Configuring common parameter

Used to define,
  • ingress host sub-domain using which ingress or routes will be exposed for application servers.
  • common ingress and service configurations that are applicable to all the appServer instances.
  • common podLabels that are applied to all the pods created for the OMEnvironment CR.
The following .yaml file is a sample schema of common:
  common:
    ingress:
      host: ""
      # annotations: {}
      # labels: {}
      # className: ""
      # ssl:
        # enabled: false
        # identitySecretName: ""
    jwt:
       alias: <custom_name>
       algorithm: RS512
       audience: service
       issuer: oms
    # service:
      # annotations: {}
      # labels: {}
    # appServer:
      # ports:
        # http: 9080
        # https: 9443
    # pod:
      # podLabels: {}
      # podAnnotations: {}
    # oidc:
      # enabled: false
      # provider: " "
      # discoveryurl: " "
      # class: " "
      # uniqueClaim: sub
      # secondaryid: email
      # logouturl: " "
​
The following table explains the attributes applicable for the common parameter of OMEnvironment.
Property Default value Value type Required Description
ingress   object Yes Specify the ingress parameter. For more information about configuring ingress, see Configuring ingress parameter.
appServer.ports.http 9080 integer Yes Specify the HTTP container port for Liberty application server.
appServer.ports.https 9443 integer Yes Specify the HTTPS container port for Liberty application server.
jwt.audience service string Yes Specify to whom you intend to send the JWT token.
jwt.issuer oms string Yes Specify an issuer name when creating a JWT token for the current user.
jwt.algorithm RS512 string Yes Specify the algorithm that is used for signing the JWT token.
Note: Ensure that the jwt.audience, jwt.issuer, and jwt.algorithm parameters match with the configuration that is provided during Sterling Order Management System Software deployment.
jwt.alias   string No Specify a custom name for the JWT when defining your own key-pair.
service.annotations   object No Specify the additional annotations for service resource.
service.labels   object No Specify the additional labels for service resource.
pod.podLabels "" (volumes's root) object No Specify any additional labels for pod as key-value pair.
Note: These pod labels are also copied to deployments.
pod.podAnnotations   object No Specify any additional annotations for pod as key-value pair.

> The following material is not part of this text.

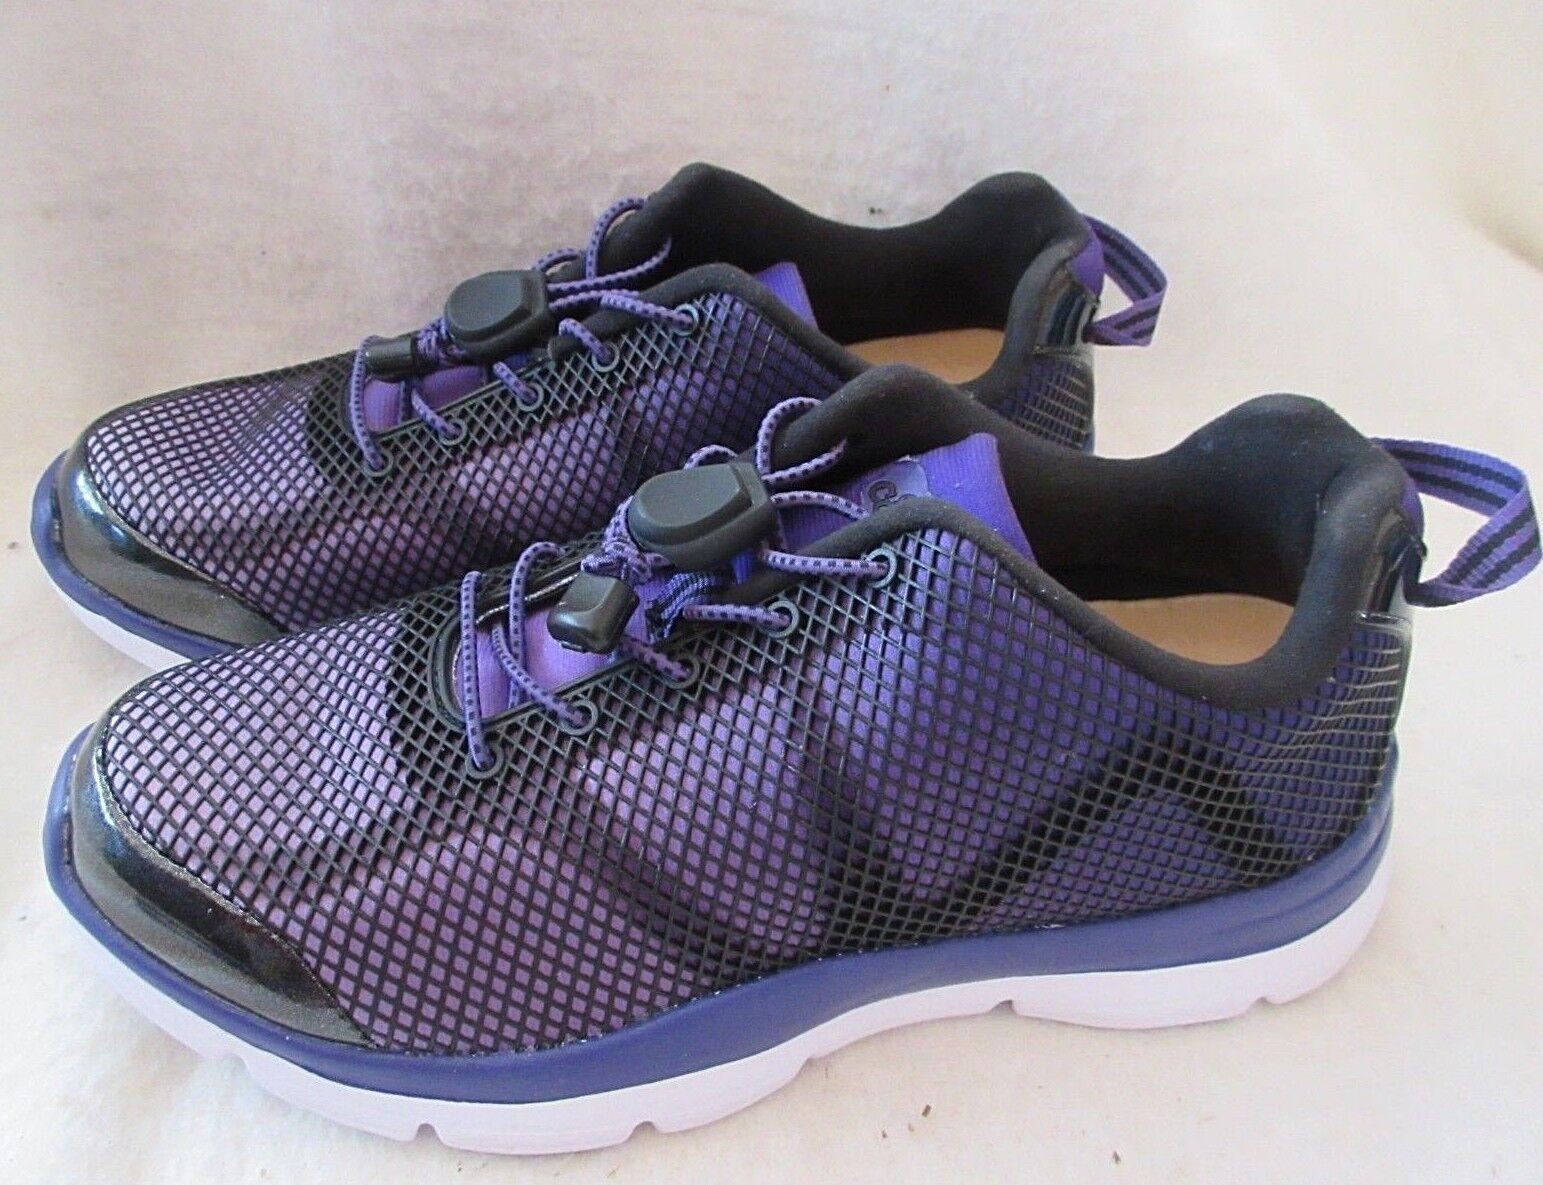 Dr. COMFORT  Katy  Women's 7 M Purple Therapeutic Comfort Sneakers  37755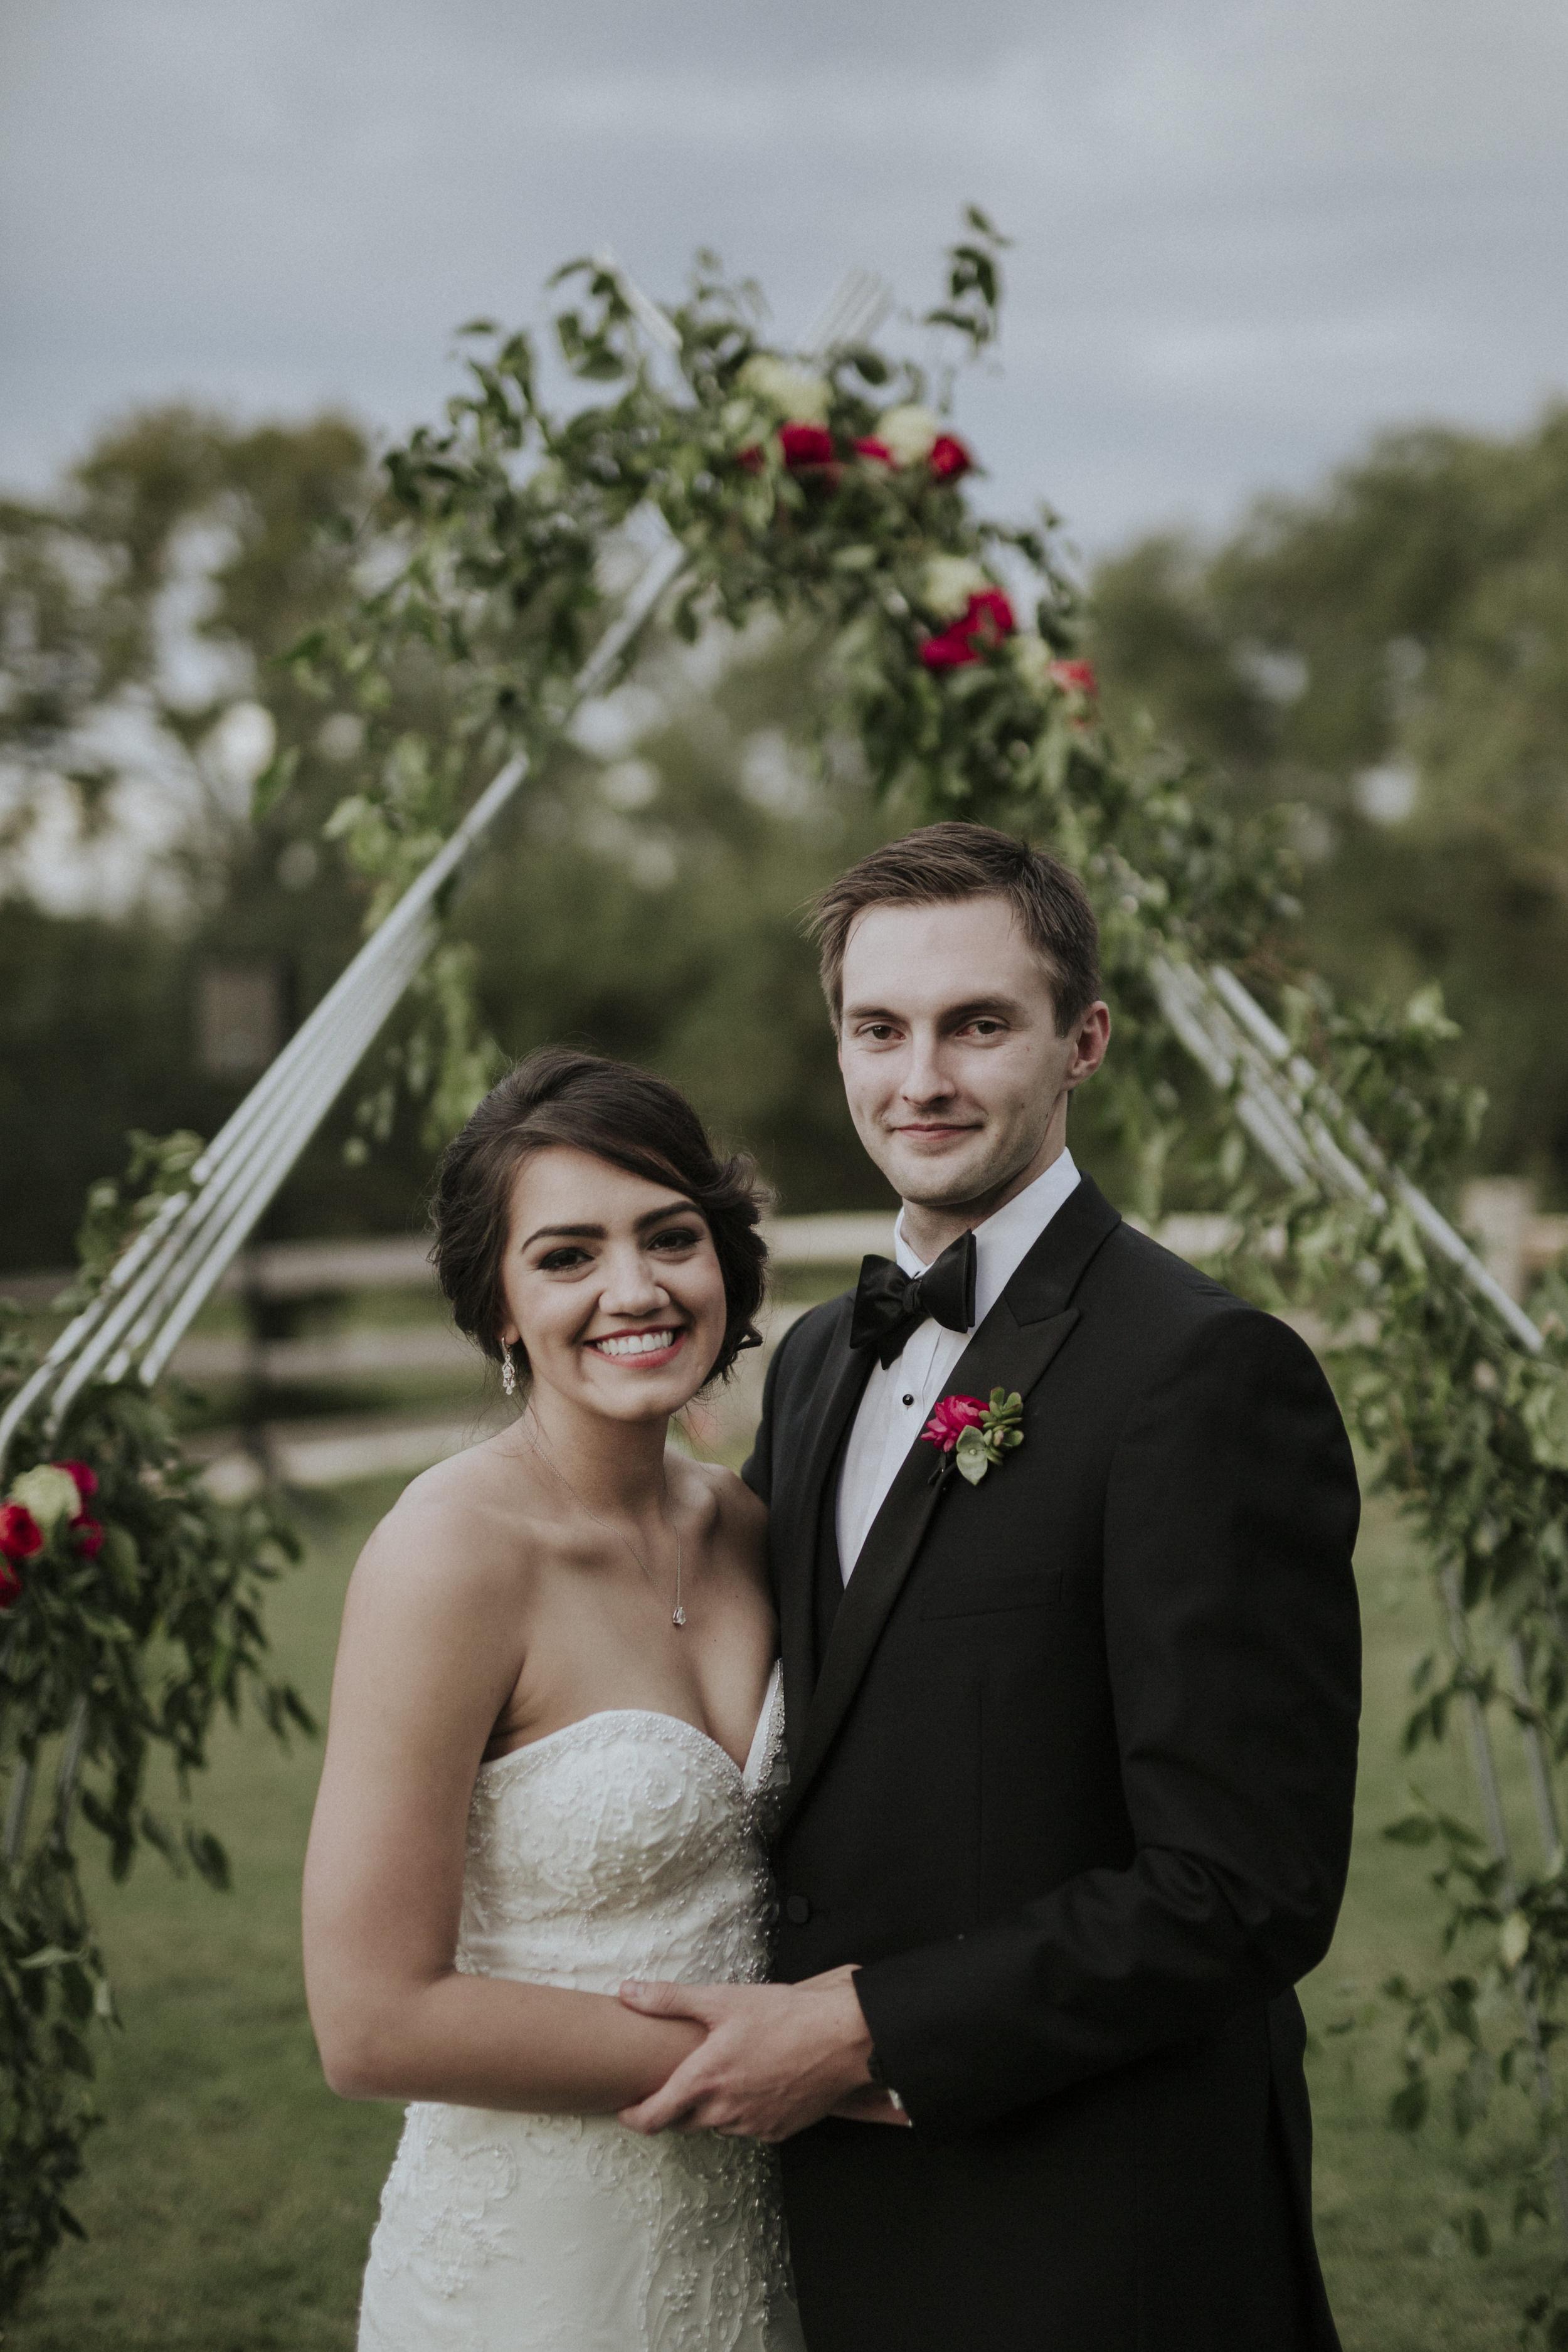 Garden Grove Wedding & Event Center5727.JPG

Configuring ingress parameter

The following table explains the attributes applicable for the ingress parameter of common.
Property Default value Value type Required Description
ingress.annotations   object No Specify any additional annotations for ingress or routes resource as key-value pair.
ingress.labels   object No Specify any additional labels for ingress or routes resource as key-value pair.
ingress.host   string No Specify the domain name to which the service is exposed to.
ingress.ssl   object No Specify the ingress SSL configurations.
ingress.ssl.enabled   boolean Yes, when ingress.ssl is specified. Specify whether SSL is enabled for ingress or not.
ingress.className nginx string No Specify the ingress class name.
ingress.customDomains   array No Specify a list of custom domains with one or more Fully Qualified Domain Names (FQDNs) over which your application is exposed. For more information, see Creating multiple ingress hosts by using customDomains.
ingress.ssl.identitySecretName   string No Specify the name of the secret holding TLS certificate to be used as identity for ingress or routes. The ingress or route URL will present this TLS certificate to the clients.

Configuring OIDC parameter

The following table explains the attributes for the OIDC parameters.
Property Default value Value type Required Description
oidc.enabled false string No Enable or disable OIDC.
oidc.provider   string Yes Specify the OIDC provider name.
oidc.discoveryurl   string Yes Specify the OIDC discovery URL.
oidc.class   string No Specify the OIDC class.
oidc.uniqueClaim sub string No Specify the OIDC unique claim details.
oidc.secondaryid email string No Specify the secondary ID.
oidc.logouturl   string Yes Specify the OIDC logout URL.